Pythagore, sa doctrine et son histoire d’après la critique allemande PDF

The School of Athens » by Raffaello Sanzio da Urbino. Elle existe depuis l’Antiquité en Occident et en Orient, à travers la figure du philosophe, non seulement en tant qu’activité rationnelle mais aussi comme pythagore, sa doctrine et son histoire d’après la critique allemande PDF de vie.


Ceux qui, nés au milieu de la civilisation moderne, se figureraient que l’humanité a toujours été en possession de toutes les idées qui sont les instrumens de cette civilisation sont dans une complète erreur : les idées, comme les peuples et les races, ont eu leur histoire, leurs éclipses, leur développement. Que d’élémens complexes entrent dans ce que l’on nomme vaguement la civilisation ! A côté de cette histoire toute d’apparat, faite de coups de théâtre, de catastrophes, remplie par les listes des dynasties, par les dates des batailles, l’érudition moderne étudie la formation lente et obscure des doctrines philosophiques, religieuses et scientifiques, qui sont en quelque sorte l’âme de l’humanité. Les investigations de la critique donnent ainsi à l’histoire son sens véritable, elles expliquent la grandeur et la décadence des nations, elles assignent aux races leur rôle particulier, elles éclairent d’une lumière toute nouvelle ce grand drame dont nous sommes les acteurs et les témoins. Où la critique n’a-t-elle pas porté son flambeau ?

Le champ d’étude de la philosophie peut embrasser un ensemble de disciplines telles que les sciences humaines et sociales, les sciences formelles et les sciences naturelles, auxquelles elle est historiquement liée. La philosophie a engendré des domaines d’études fondamentaux tels la théorie de la connaissance, la philosophie politique, la métaphysique, l’éthique et la logique. Héraclite, Antiphon, Gorgias et Pythagore, mais aussi chez d’autres penseurs comme Thucydide ou Hérodote, contemporains de Socrate. Désir de connaître et amour du savoir, ou philosophie, c’est bien une même chose ? La philosophie n’est rien d’autre que l’amour de la sagesse. La philosophie s’est comprise très tôt comme une manière de vivre et non pas uniquement comme une réflexion théorique.

L’étymologie du terme  philosophie  indique bien que le philosophe est celui qui tend vers la sagesse, qui cherche à vivre comme il faut et plus particulièrement qui recherche le bonheur.
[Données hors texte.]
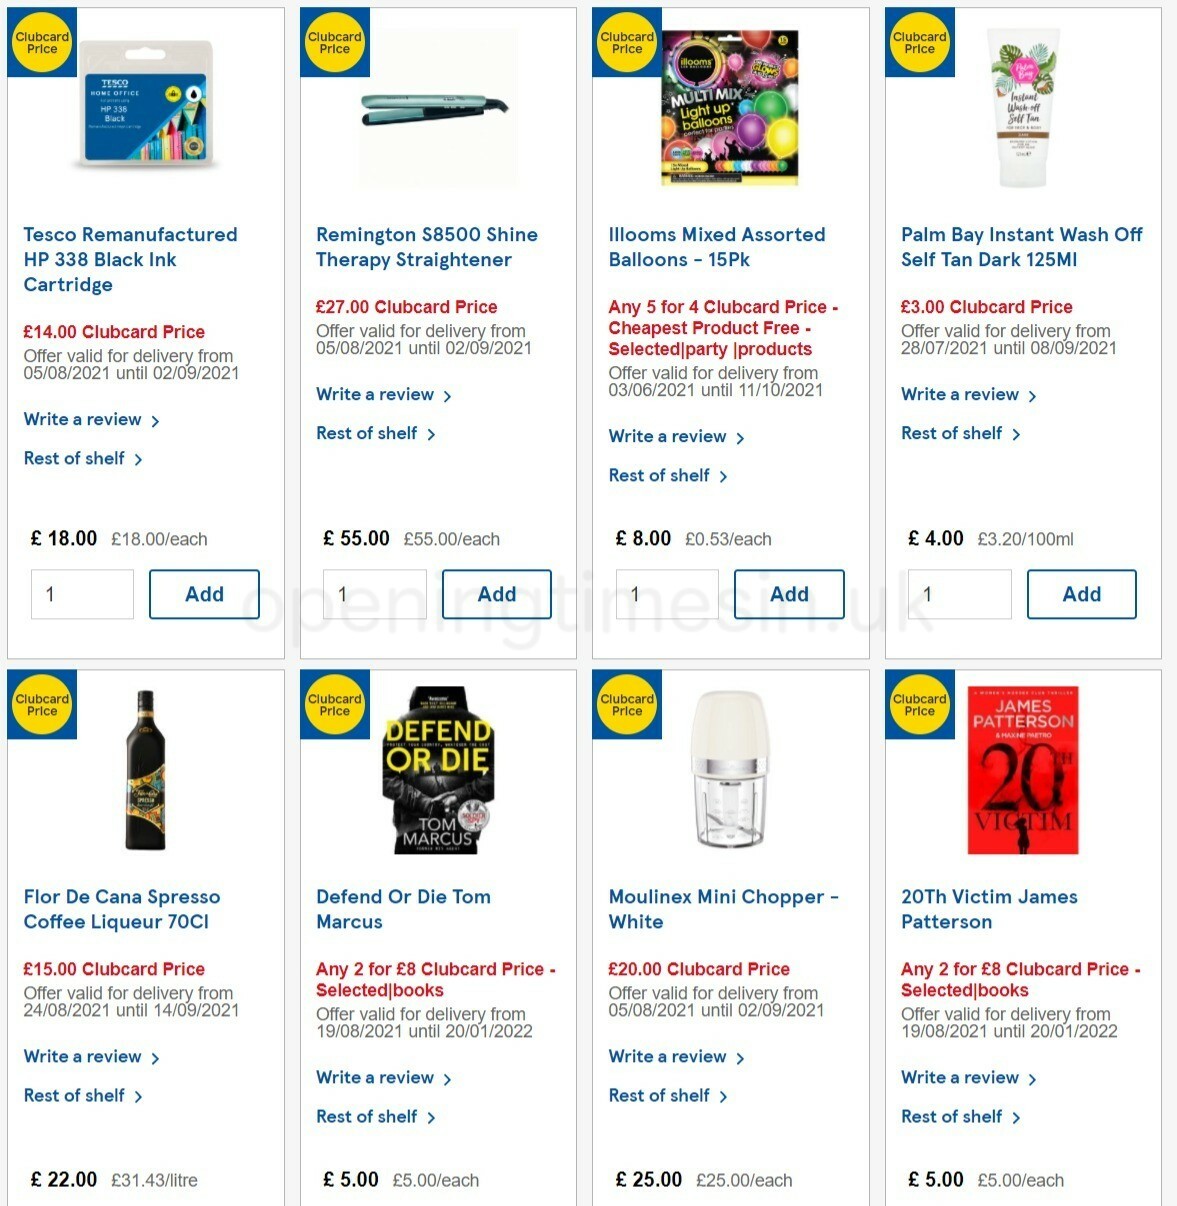 TESCO Offers from 25 August

La philosophie entendue comme mode de vie met l’accent sur la mise en application dans sa propre vie des résultats de la réflexion philosophique. Mais ces derniers sont loin d’exclure l’idée que le philosophe s’intéresse à des problèmes théoriques. La  sagesse , ou plus exactement la sophia, que veut posséder le philosophe est aussi un savoir et une connaissance. Ces ascètes pratiquaient les préceptes des Upanishads. Un des fondements de cette philosophie est la liaison étroite entre la théorie et la pratique. Certains remettent fortement en cause la tradition philosophique et ses présupposés telle la philosophie féministe, la déconstruction de Derrida ou de Heidegger.
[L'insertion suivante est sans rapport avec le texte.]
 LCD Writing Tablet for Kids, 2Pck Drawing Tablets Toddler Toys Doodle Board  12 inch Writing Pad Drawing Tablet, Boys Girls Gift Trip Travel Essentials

Les difficultés à définir la philosophie sont en outre de nature épistémologique, car il est difficile de délimiter rigoureusement méthodes, thèmes et objets de la philosophie. Mais il est également délicat de déterminer l’essence de la philosophie occidentale, soit parce que son statut dans la société est lui-même difficile à cerner, soit qu’elle a été ramenée à d’autres disciplines apparemment proches. Emmanuel Kant ramenait le domaine de la philosophie à quatre questions :  Que puis-je savoir ? On peut dans une première approche, délimiter en creux un certain nombre de méthodes et de principes heuristiques qui caractérisent au moins en partie la philosophie. D’une part la philosophie ne recourt pas à la méthode expérimentale.
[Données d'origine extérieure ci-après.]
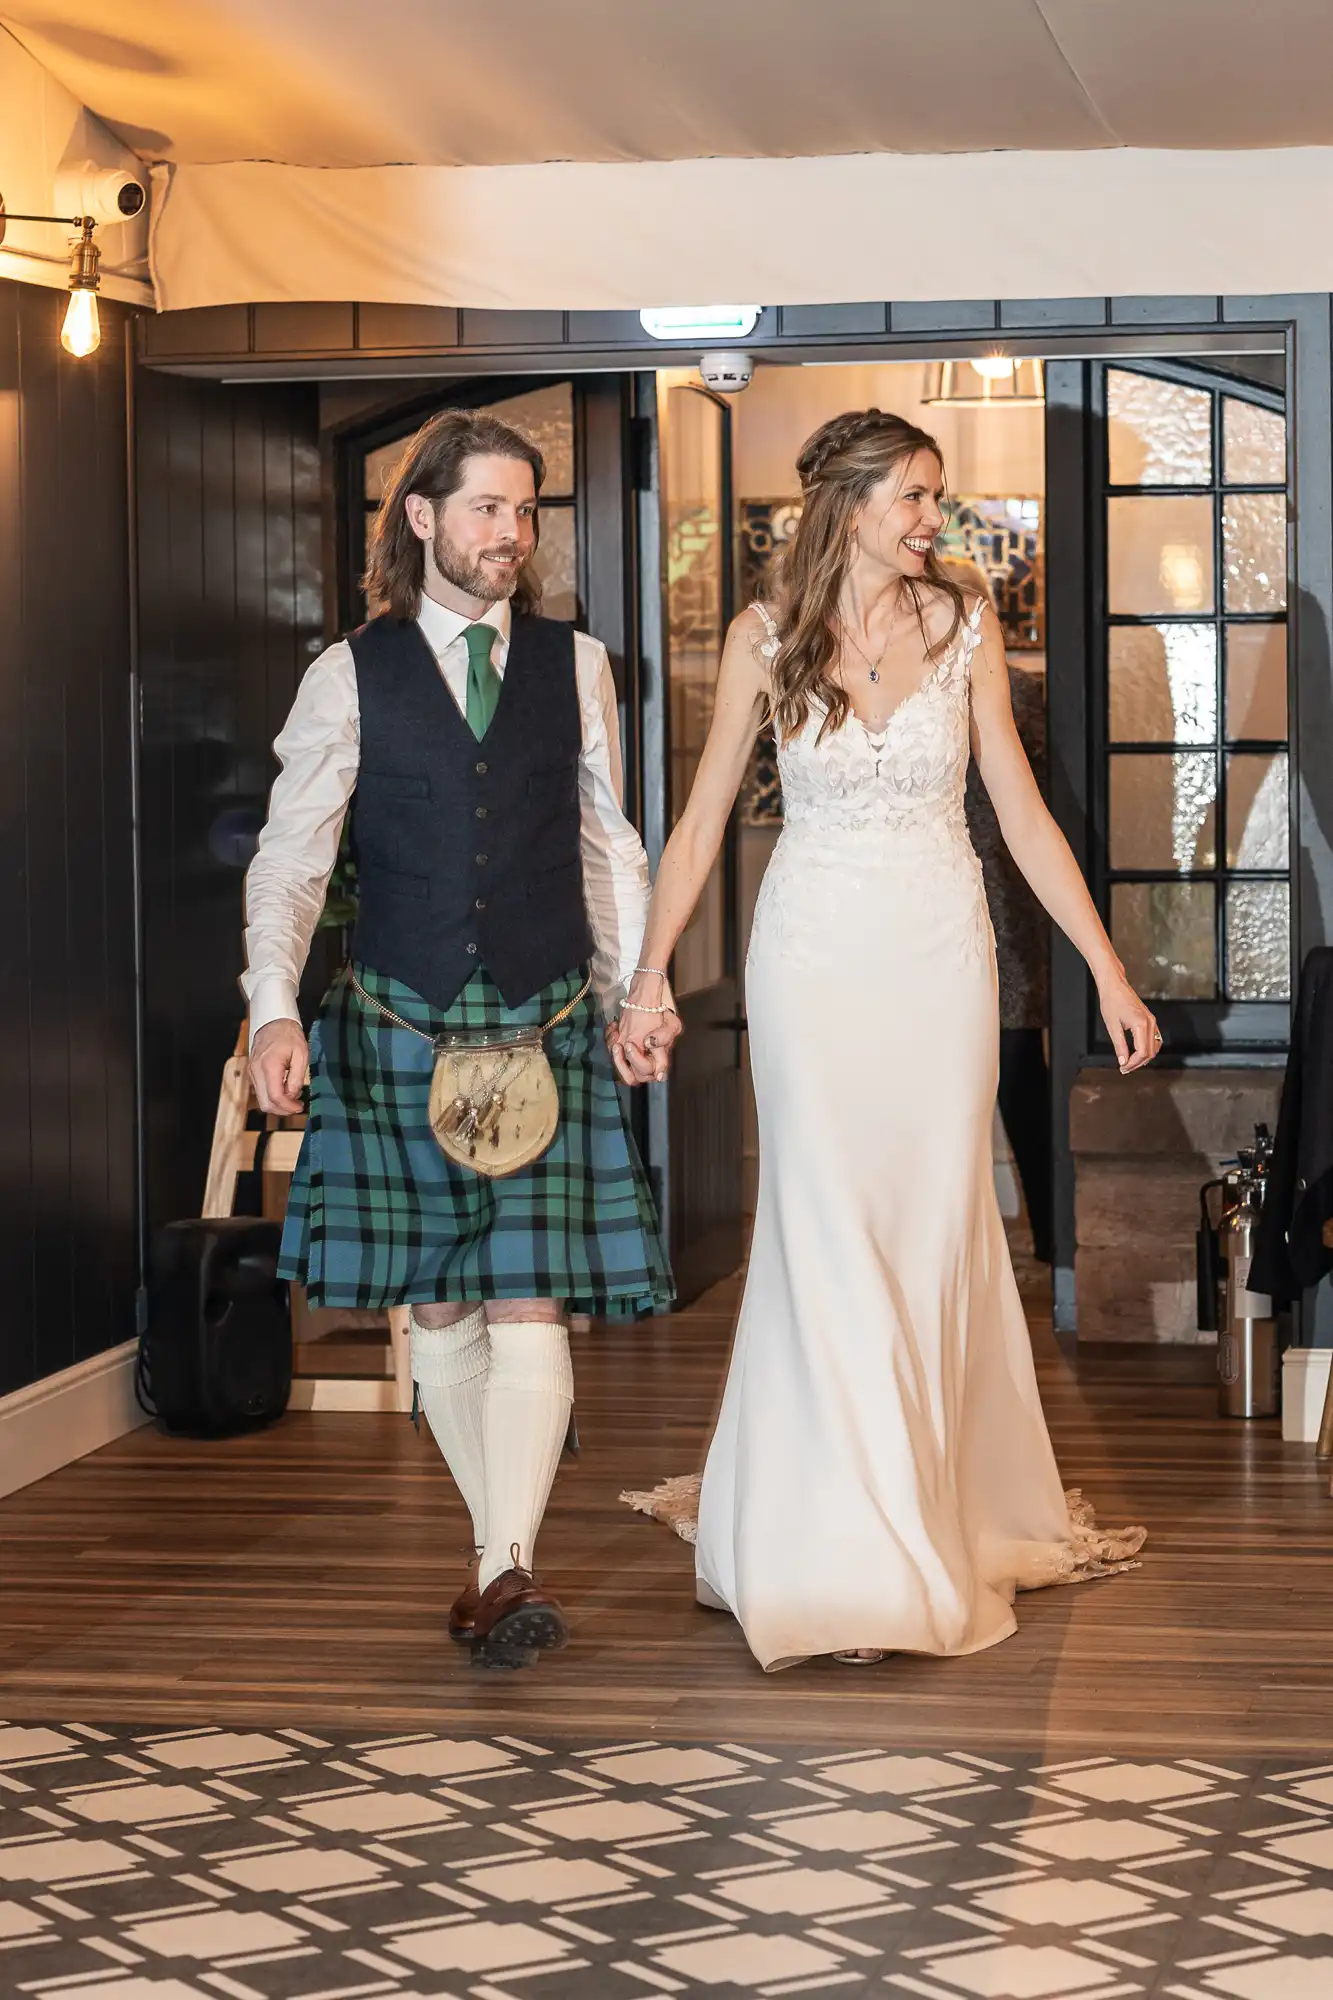 A couple, with the man in a kilt and the woman in a white dress, walk hand in hand through a doorway at an indoor event.

La philosophie, en effet, à la différence de la physique, de la chimie ou de la biologie, n’a jamais vraiment intégré le processus d’expérimentation dans son outillage heuristique. Ceci est évident pour la philosophie antique et médiévale qui ne connaissait pas l’expérimentation. D’autre part la philosophie n’est pas, par essence, une science reposant sur l’observation empirique à la différence de la sociologie ou des sciences politiques par exemple. Il ne faut naturellement pas croire que la philosophie peut ignorer les données empiriques les plus évidentes. Mais traditionnellement la philosophie ne veut pas se limiter à un simple catalogue de faits et entreprend pour cela un vrai travail de théorisation voire de spéculation. Et si la philosophie analytique contemporaine est impensable sans la logique mathématique, elle utilise encore massivement le langage naturel. Malgré les difficultés que comporte cette entreprise, il est possible de distinguer certaines grandes caractéristiques positives de la méthode philosophique.